May 7, 2019

Tuca & Bertie: Female Empowerment among Birds

Reading the press -- "Creator Lisa Hanawalt is fighting back against the repressive boys' club of adult animation"; "She expects men to hate-watch her show" -- I expected the new animated series Tuca and Bertie to involve heavy-handed message stories, endless fights against sexual harassment, glass ceilings, income disparities, and women's freedoms of various sorts, "Me Too" writ large.

 But there is nothing in this show that even the most un-woke, objectifying, toxic masculinity-breathing alpha male would find discomforting.

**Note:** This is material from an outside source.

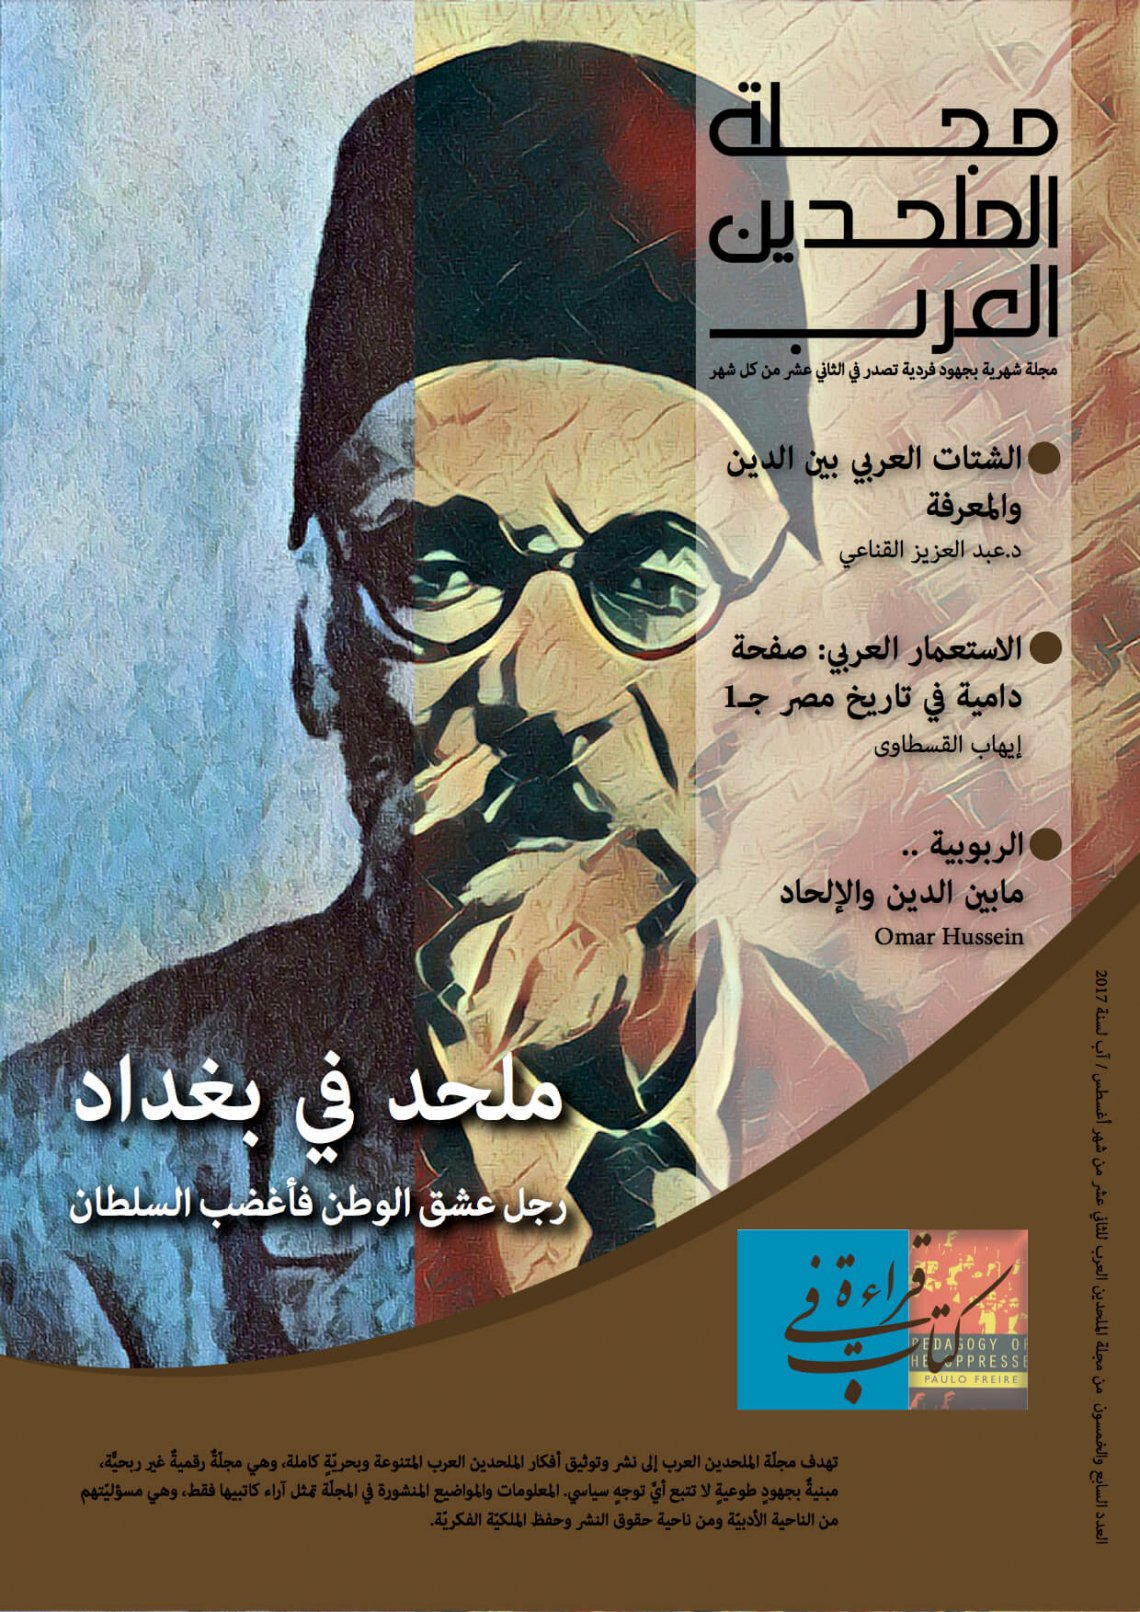 مجلة الملحدين العرب / العدد السابع والخمسون / أغسطس آب / 2017
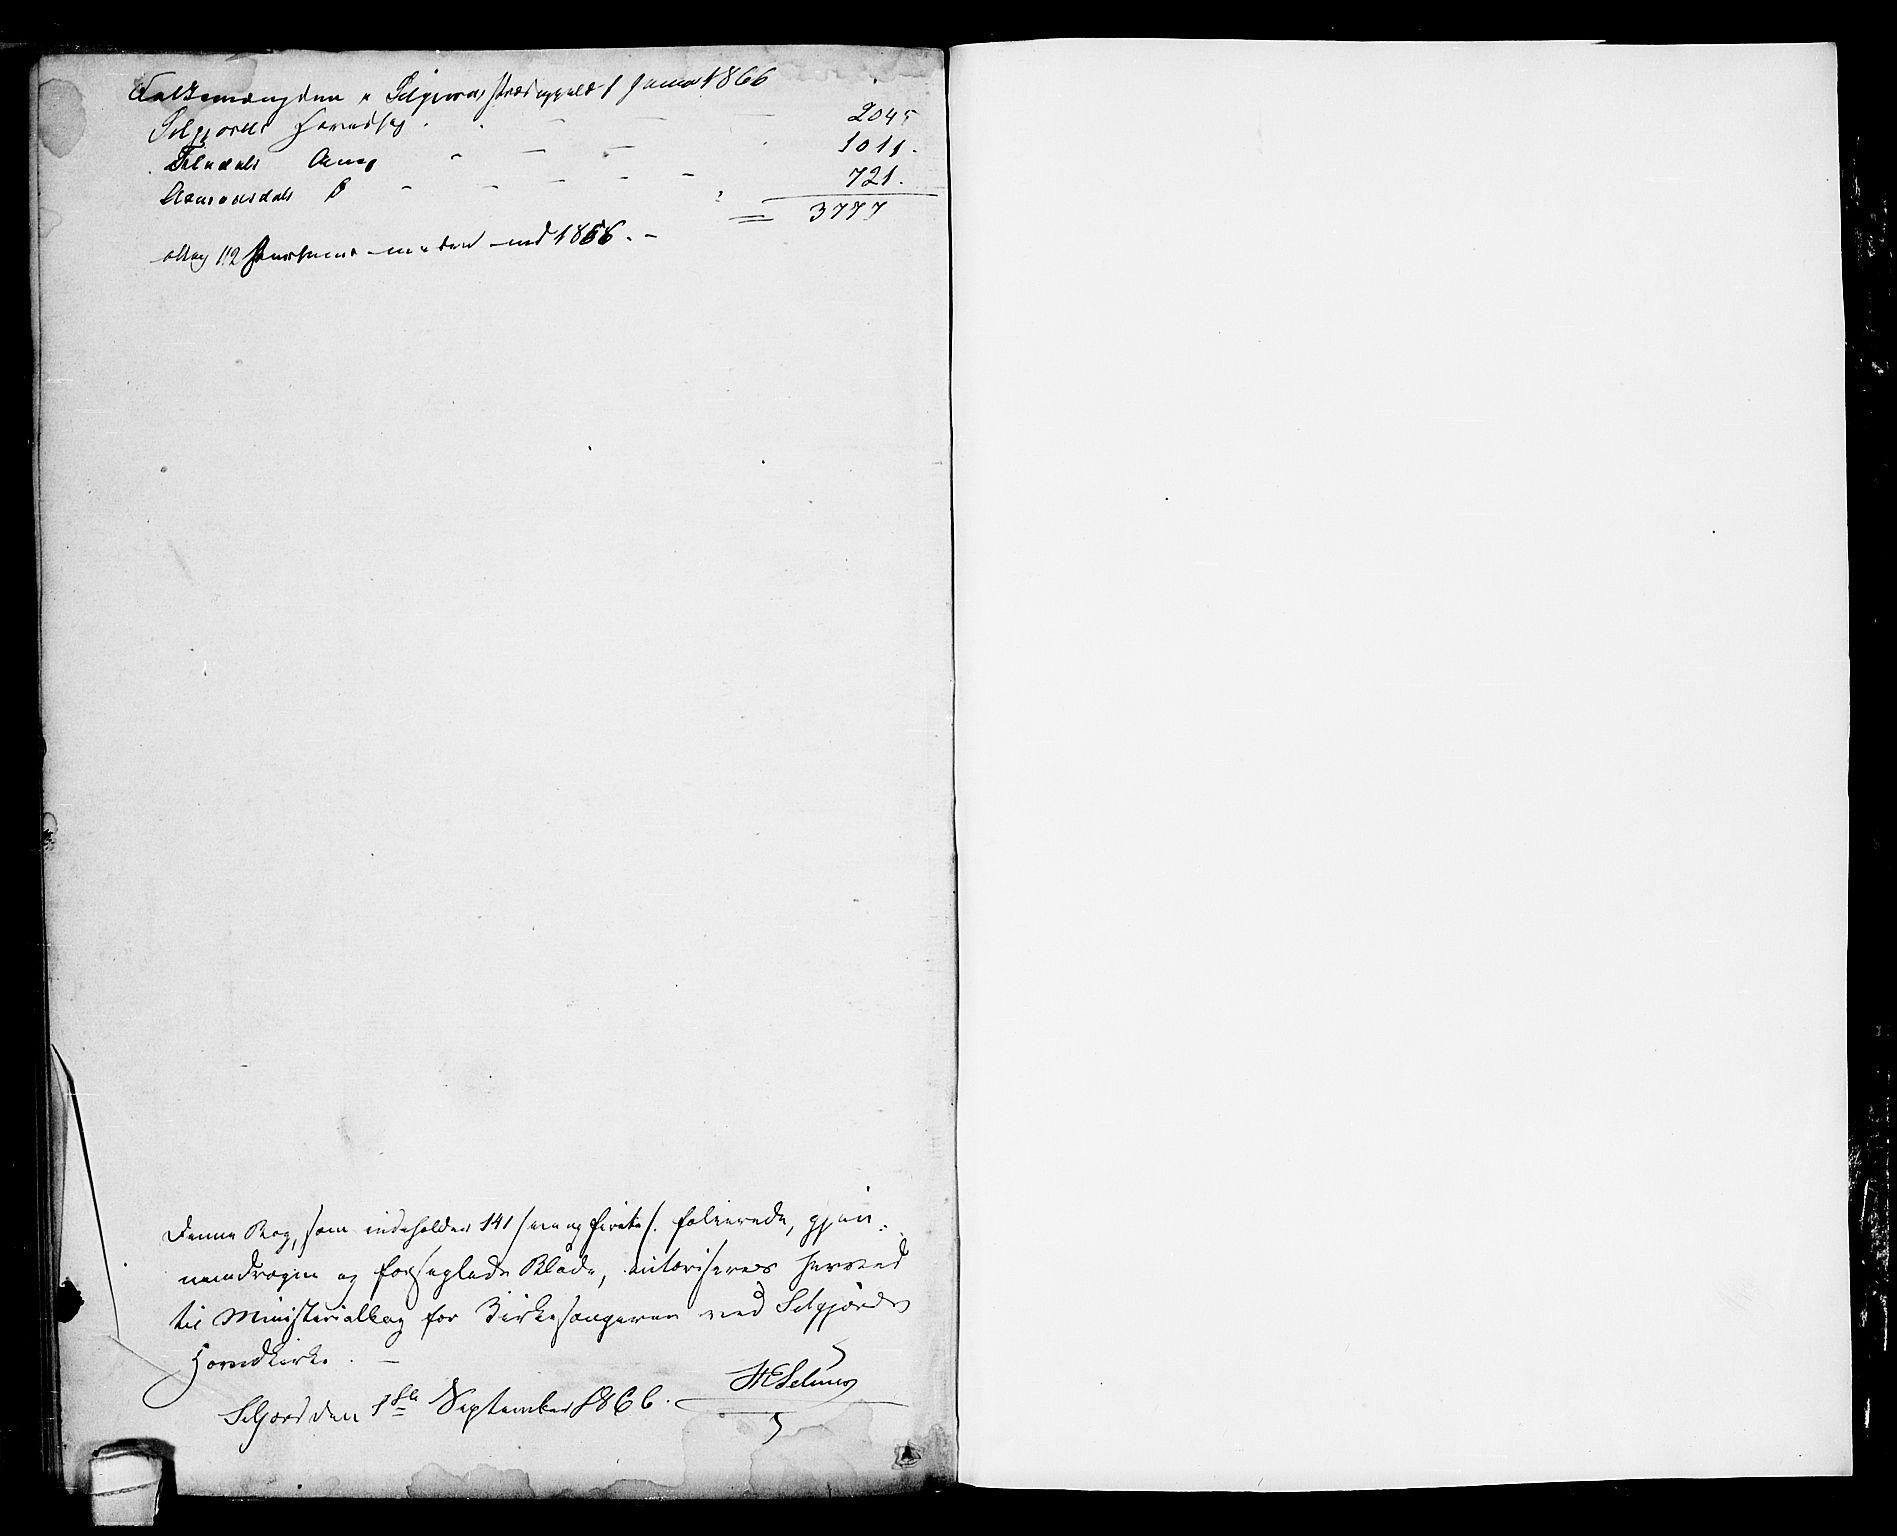 SAKO, Seljord kirkebøker, G/Ga/L0003: Klokkerbok nr. I 3, 1866-1873

Indeed, only three episodes even deal with sexist objectification:
Bertie's boss at the bakery inappropriately touches her.
She recalls a childhood sexual assault
She tries to deal with the catcalls that women get all the time.

Another evokes the glass ceiling: Bertie's ideas at her other job are not taken seriously.  But it turns out that she's just not assertive enough.  When she speaks up, the boss is happy to offer her a promotion.

Maybe they think alpha males will object to the discussions of boobs and other lady parts.  But I thought they enjoyed that sort of thing?

Tuca and Bertie are a pair of active-passive bffs, a female buddy tradition dating back to Thelma and Louise and Laverne and Shirley, or farther,  to the ingenue-sassy sidekick of the 1930s screwball comedies.

Tuca (Tiffany Haddish) is an uninhibited, irresponsible free spirit toucan who bounces through life.  She has to learn to be more responsible.

Bertie (Ali Wong) is a needy, insecure, micromanaging, perfectionist song bird, saying things like "I really should be working on that big presentation."  She has to deal with her crushing anxieties.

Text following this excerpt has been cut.